# autohausaz.com anyone?



## N00bi3 (Oct 26, 2005)

iam thinking of buying tie rods from this site... i was just wondering if anyone has bought anything from them.. and if you did i would like to hear how their business with you was.


----------



## Massboykie (Aug 15, 2006)

*Re: autohausaz.com anyone? (N00bi3)*

Hey N00b
Just in case...
....some comparison shopping....
http://www.planetvag.com/index...#1185
Cheers
Massboykie


----------



## frankinstyn (Oct 11, 2004)

*Re: autohausaz.com anyone? (N00bi3)*

I buy everything from them.
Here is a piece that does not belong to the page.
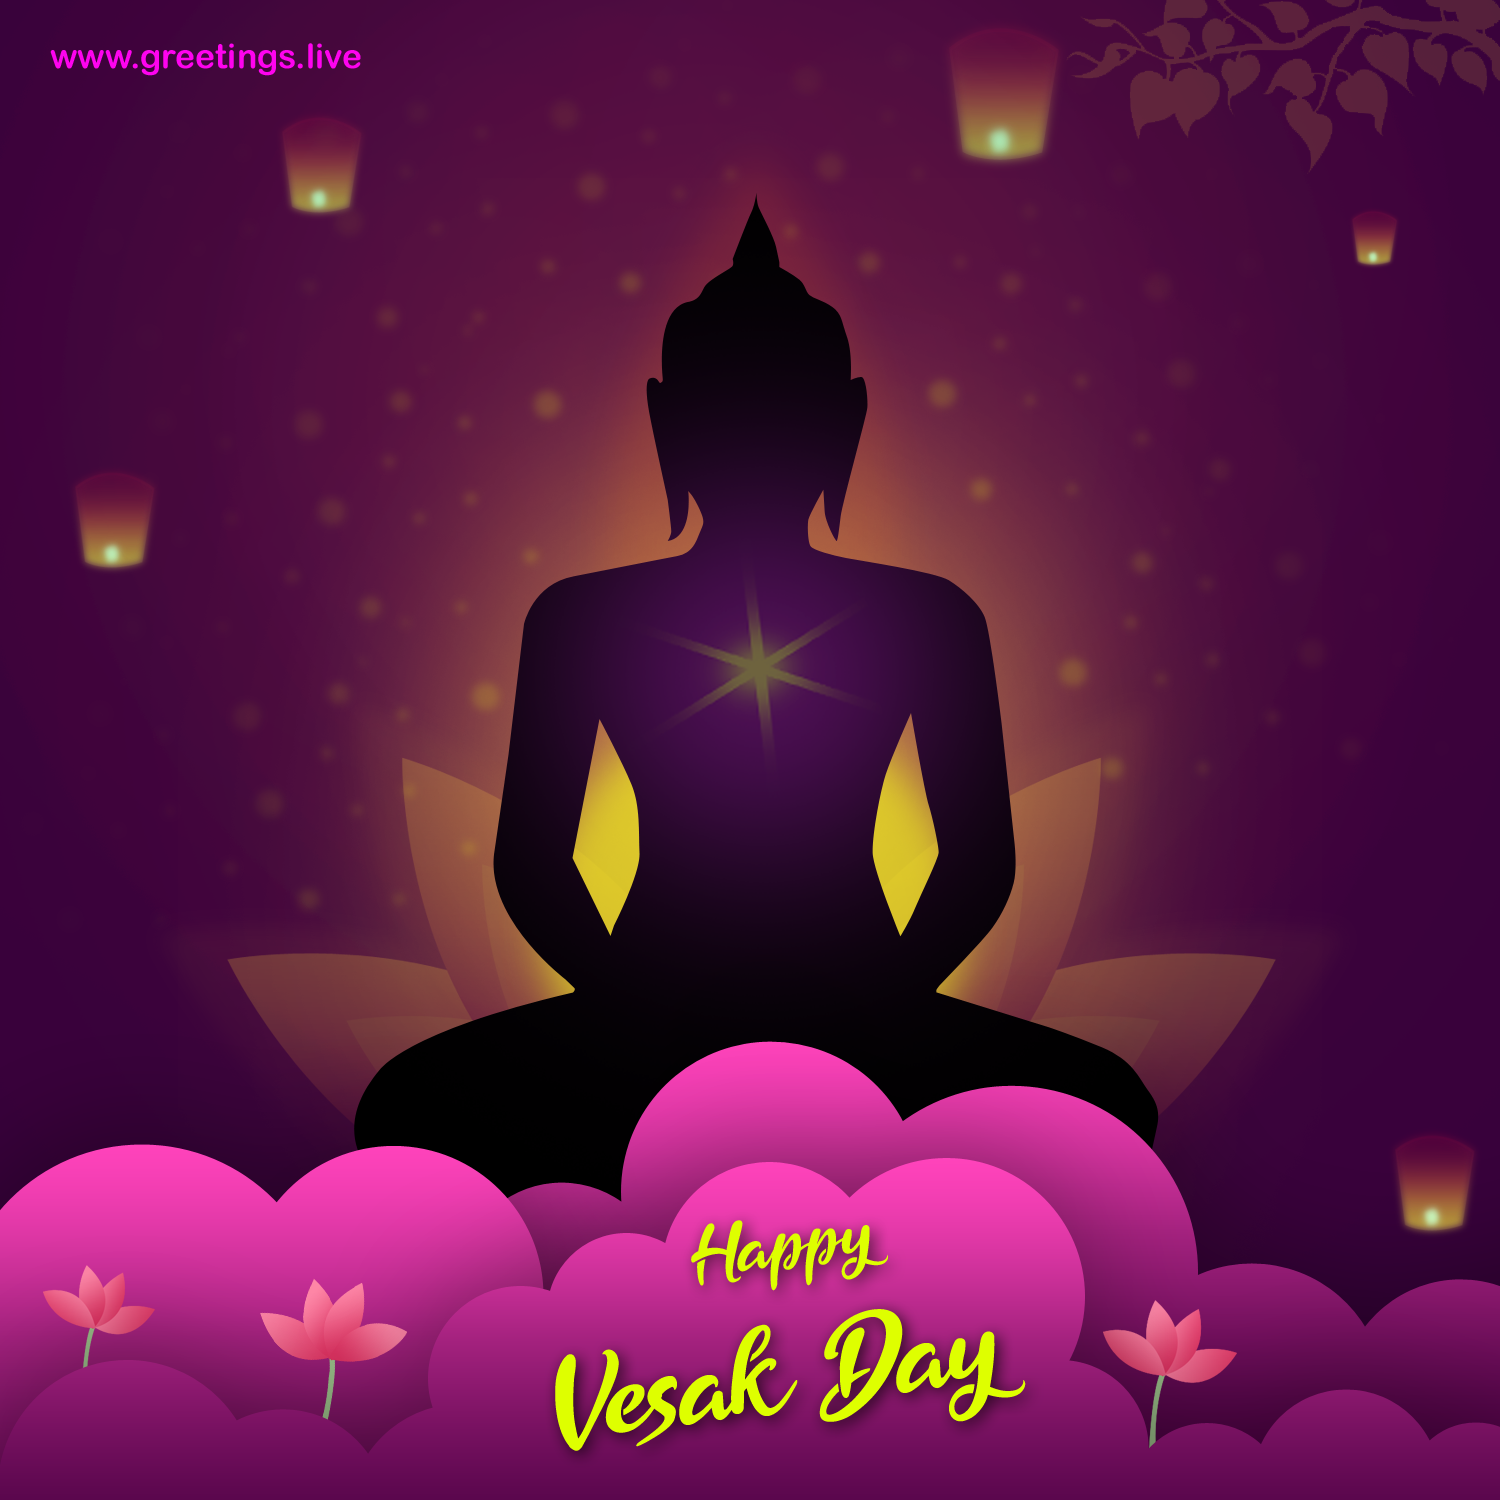 Greetings.Live*Free Daily Greetings Pictures Festival GIF Images Vesak

Great customer service. Fantastic service. The parts were always exactly what I ordered. Never had an issue. Been 4 years now.


----------



## NiveK (Mar 23, 2004)

i have been buying from them for years, have never once had an issue, i bought a complete front end rebuild for my old 735i for under 600 and man was it quality and the prices can't be beat expecially when you add in the free ground shipping


----------



## 4.2 quattro (Mar 9, 2007)

r they rele as cheap as the prices show? seems like a steal...


----------



## frankinstyn (Oct 11, 2004)

*Re: (4.2 quattro)*


_Quote, originally posted by *4.2 quattro* »_r they rele as cheap as the prices show? seems like a steal...

Yes. The prices are exactly as shown. The return policy is as easy as they say. The shipping really is free for anything over $50. 
No lies there. They really are that good.


----------